Insurance is a complicated topic. And one hospital visit could put you in the hole for a long time! So, make it a priority to meet with an insurance pro!
4. Create a zero-based monthly budget.
A zero-based budget helps you spend all your money on paper and on purpose. You used a budget to get to retirement, and this budget will help you stay in retirement! You never outgrow the need to plan and track your spending.
What is a zero-based budget?
A zero-based budget totals up your monthly income and deducts your expenses so that nothing is left over. It helps you make sure you’re spending, saving or giving every single dollar exactly how you should. You can read more about how to create a zero-based budget, but here’s a summary of the steps:
- Write down your monthly income (from your “retirement buckets”).
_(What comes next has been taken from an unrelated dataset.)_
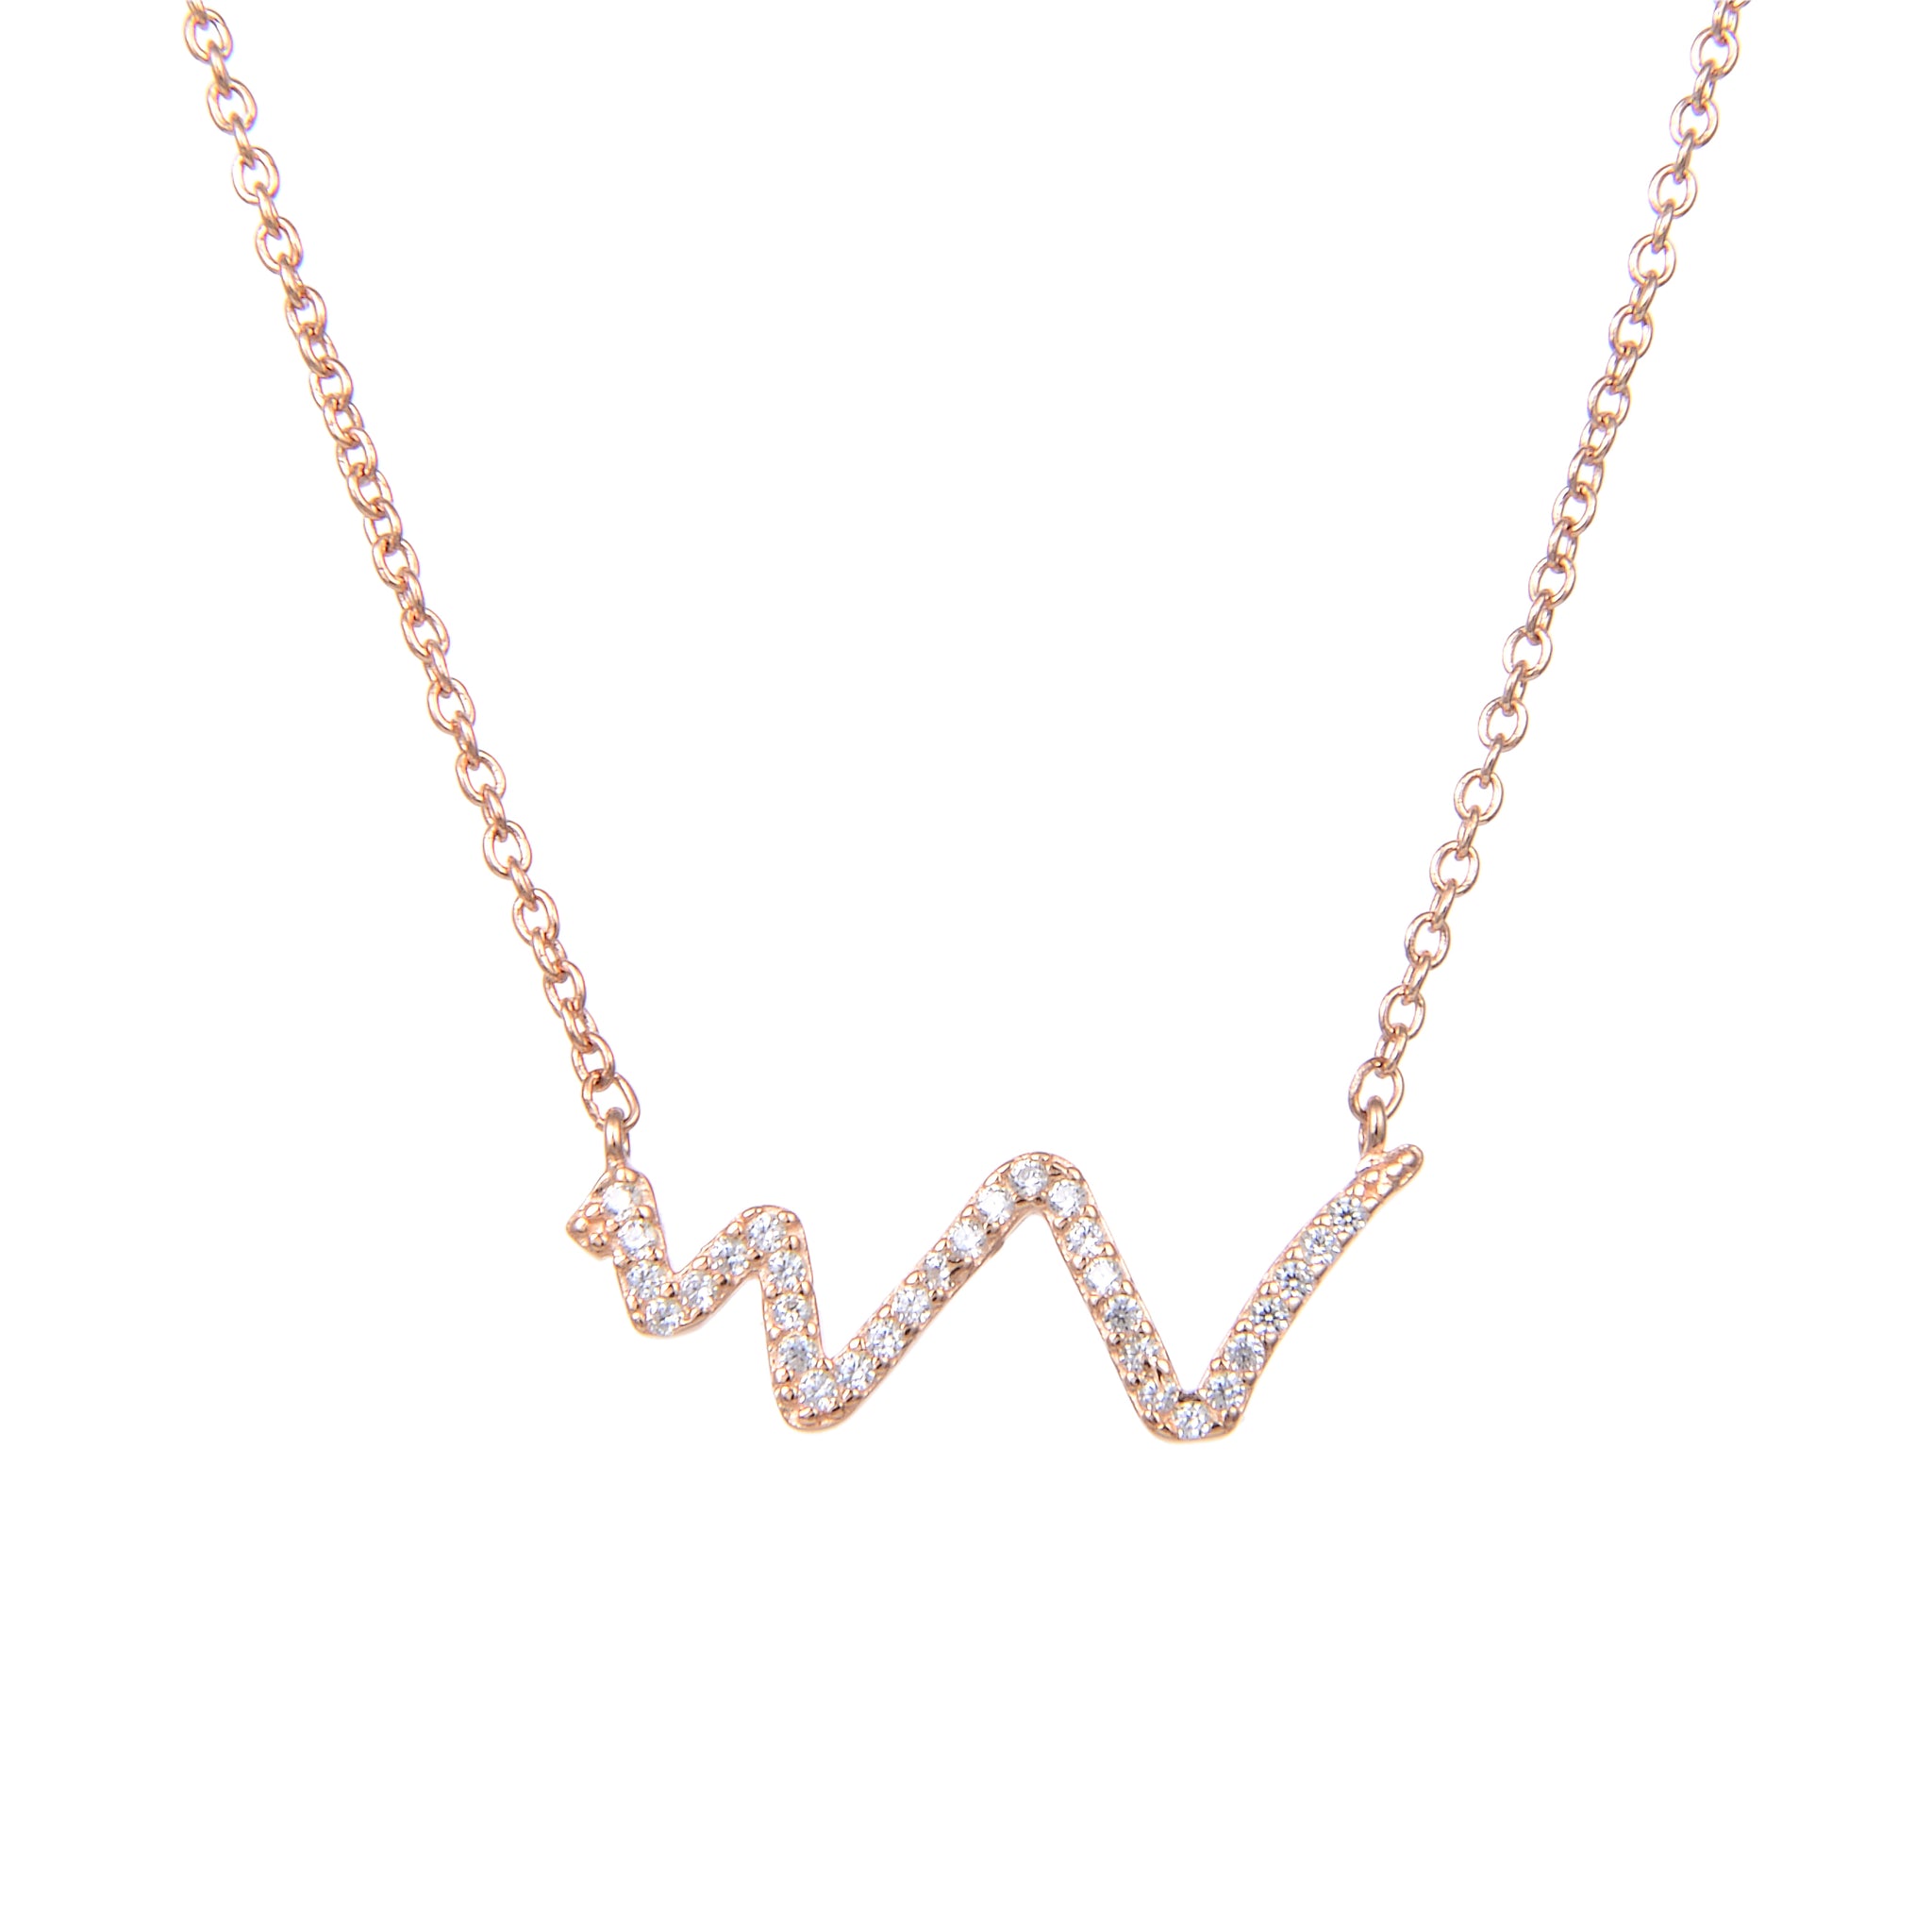 92.5 Sterling Silver Necklace Chain With CZ Cubic Zirconia Life Line Waves Shape Sterling Silver Pendant

- Write down your monthly expenses.
- Write down your seasonal expenses.
- Subtract your expenses from your income to equal zero.
- Track your spending.
List your monthly expenses.
When you’re ready to list your expenses, start by reviewing your most recent bank statement. Track where your money goes each month. When I went back and started to add up how much I spent on groceries, it was like a throat punch! You’ll be amazed when you notice all the ways your money leaks out of your bank account.
As you decide how to spend your money, it can be helpful to divide your expenses into different categories:
- Tithing and charitable giving
- Home repair and maintenance
- Transportation (gas, car maintenance)
Guess what you don’t see on this list: a mortgage payment. You shouldn’t carry a single penny of debt into retirement—including your mortgage!
- Subscription services
- Hobbies (especially if you decide to start playing lots of golf in retirement!)
- Gift giving (everybody loves those grandbabies!)
- Pet care
- Property taxes
- Insurance premiums
- Auto registration
- Christmas, anniversary, birthday and special occasion spending
Use these categories as a starting point and keep brainstorming until you have a dollar amount for each monthly item.
Start your sinking funds.
You should already have an emergency fund in place that will cover three to six months of living expenses if something were to happen to you. In retirement, you’ll also want to maintain sinking funds to pay for things like vacations, Christmas with the grandkids or new vehicles. Set your sinking fund as a line item in your budget each month and save the money for that particular goal in a high-yield savings account or a money market account.
Manage your spending.
It’s not enough to set a budget and hope for the best. If you don’t actually stick to it, it won’t do you any good! Once you create a monthly budget, you need to work with your spouse or a friend who can hold you accountable and keep your finger on the pulse of your spending. Remember: You’re in control of your budget. Be intentional about the choices you make with money. Tracking your spending will help you stay away from stupid and stay close to your retirement dreams!